PilotNet dataset is available freely here. © MIT License.

What are SDNNs?

Drawing

Drawing

Sigma-delta neural networks consists of two main units: sigma decoder in the dendrite and delta encoder in the axon. Delta encoder uses differential encoding on the output activation of a regular ANN activation, for e.g. ReLU. In addition it only sends activation to the next layer when the encoded message magnitude is larger than its threshold. The sigma unit accumulates the sparse event messages and accumulates it to restore the original value.

5740817ef0b341e092199d2de6adb01c

A sigma-delta neuron is simply a regular activation wrapped around by a sigma unit at it’s input and a delta unit at its output.
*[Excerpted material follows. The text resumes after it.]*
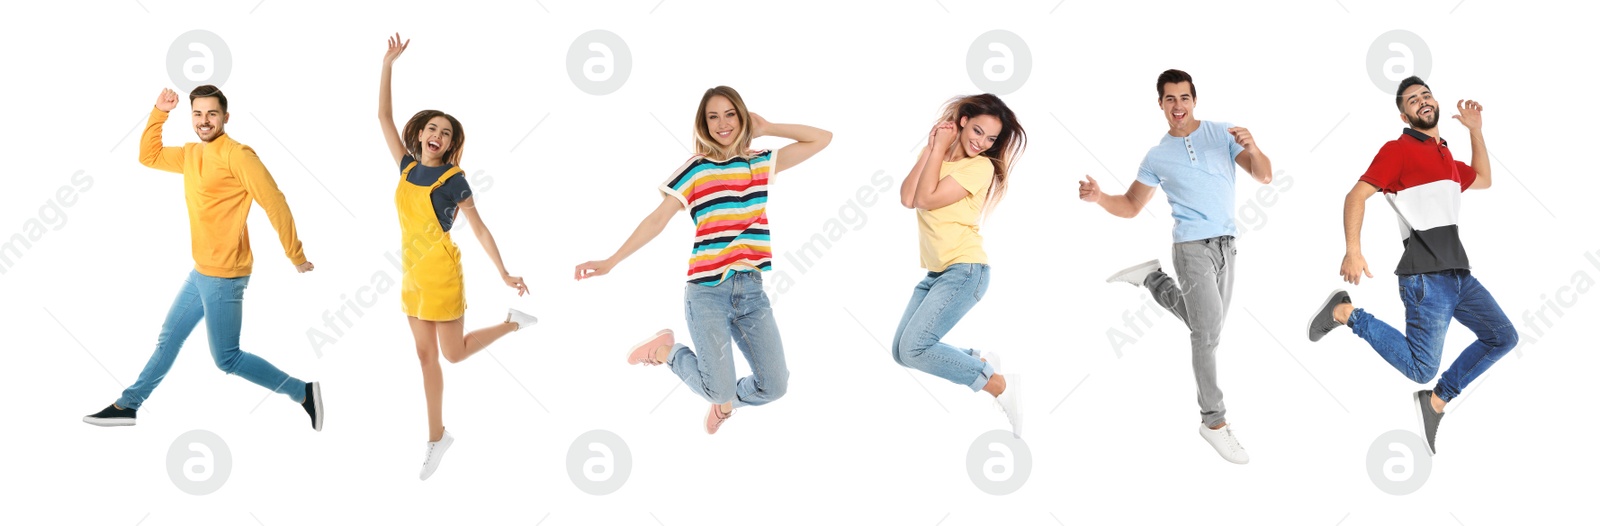 Image of Collage of emotional people wearing fashion clothes jumping on white background. Banner design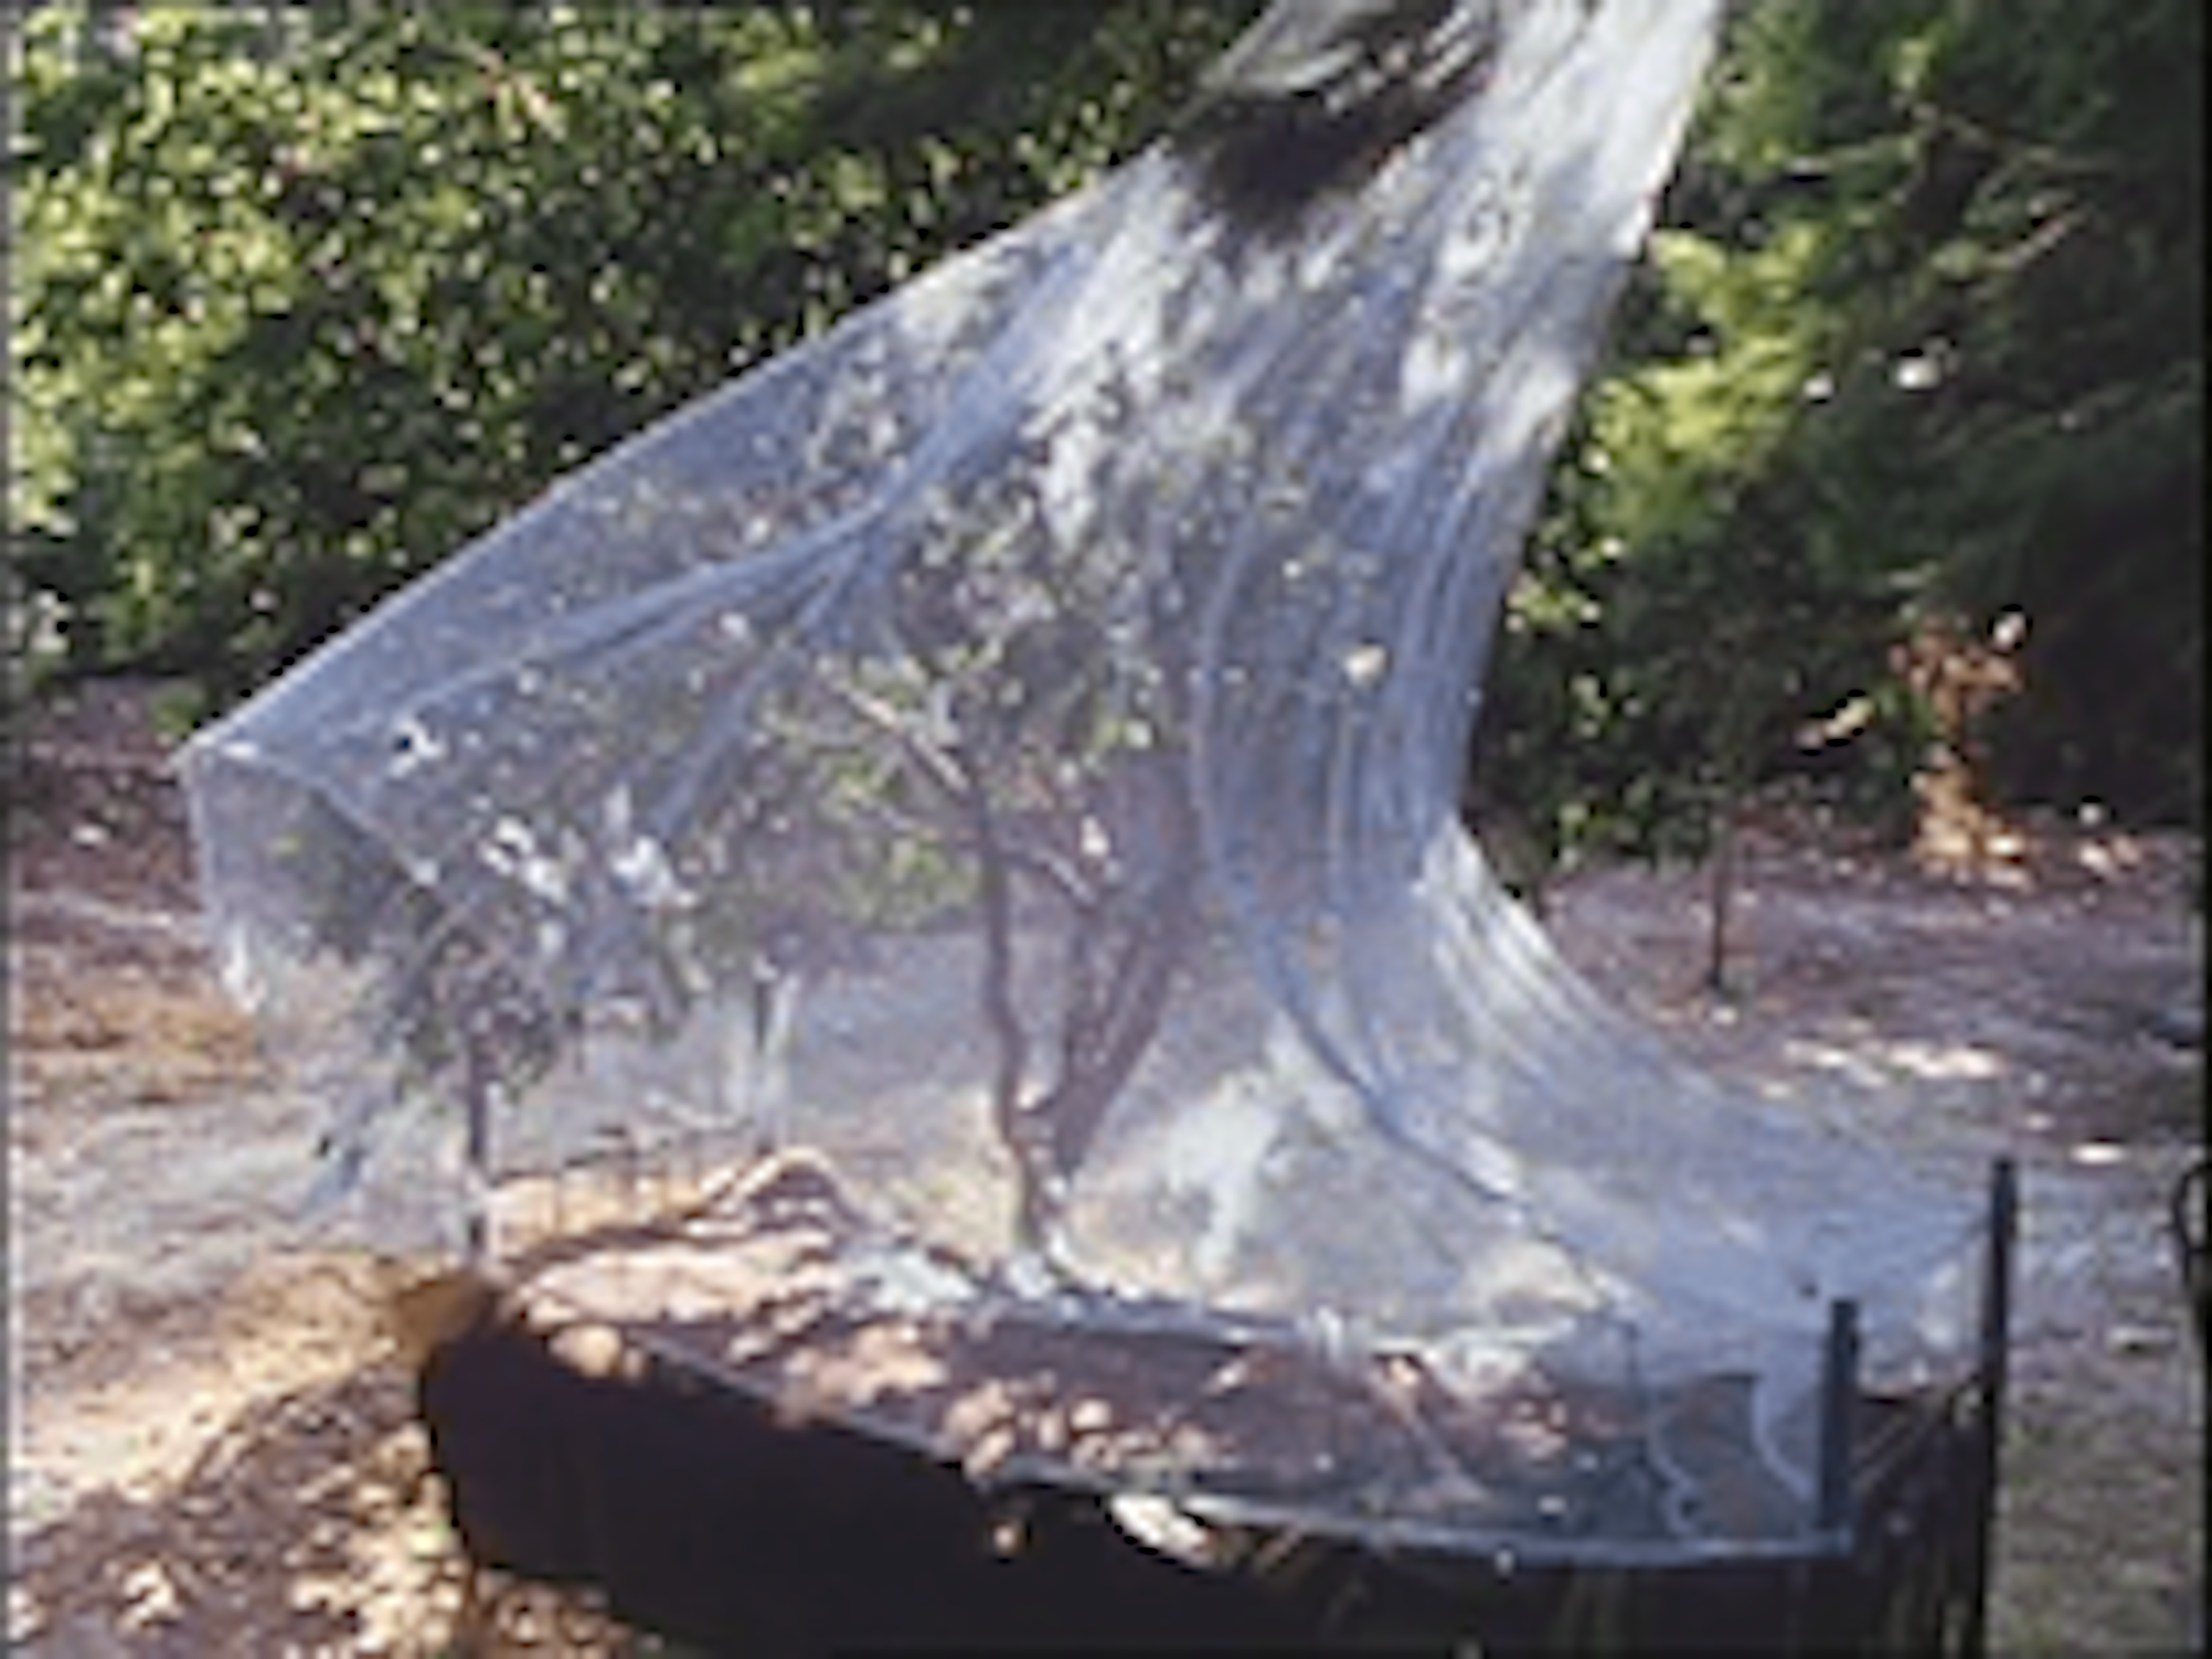 A twin-sized bed set outdoors set on sand and gravel. There are trees surrounding the bed which has a large bug’s net draped over the bed, swaying from a slight breeze.

When the input to the network is a temporal sequence, the activations do not change much. Therefore, the message between the layers are reduced which in turn reduces the synaptic computation in the next layer. In addition, the graded event values can encode the change in magnitude in one time-step. Therefore there is no increase in latency at the cost of time-steps unlike the rate coded Spiking Neural Networks.

Drawing

Drawing

Credit Eadweard Muybridge © Public Domain

[1]:
import sys, os
import numpy as np
import matplotlib.pyplot as plt
import h5py

import torch
from torch.utils.data import DataLoader
from torchvision import transforms
import torch.nn.functional as F

import lava.lib.dl.slayer as slayer

from pilotnet_dataset import PilotNetDataset
import utils
[2]:
torch.manual_seed(4205)
[2]:
<torch._C.Generator at 0x7f9768886ed0>

Event sparsity loss

Sparsity loss to penalize the network for high event-rate.

[3]:
def event_rate_loss(x, max_rate=0.01):
    mean_event_rate = torch.mean(torch.abs(x))
    return F.mse_loss(F.relu(mean_event_rate - max_rate), torch.zeros_like(mean_event_rate))

Network description

SLAYER 2.0 (``lava.dl.slayer``) provides a variety of learnable neuron models , synapses axons and dendrites that support quantized training. For easier use, it also provides ``block`` interface which packages the associated neurons, synapses, axons and dendrite features into a single module.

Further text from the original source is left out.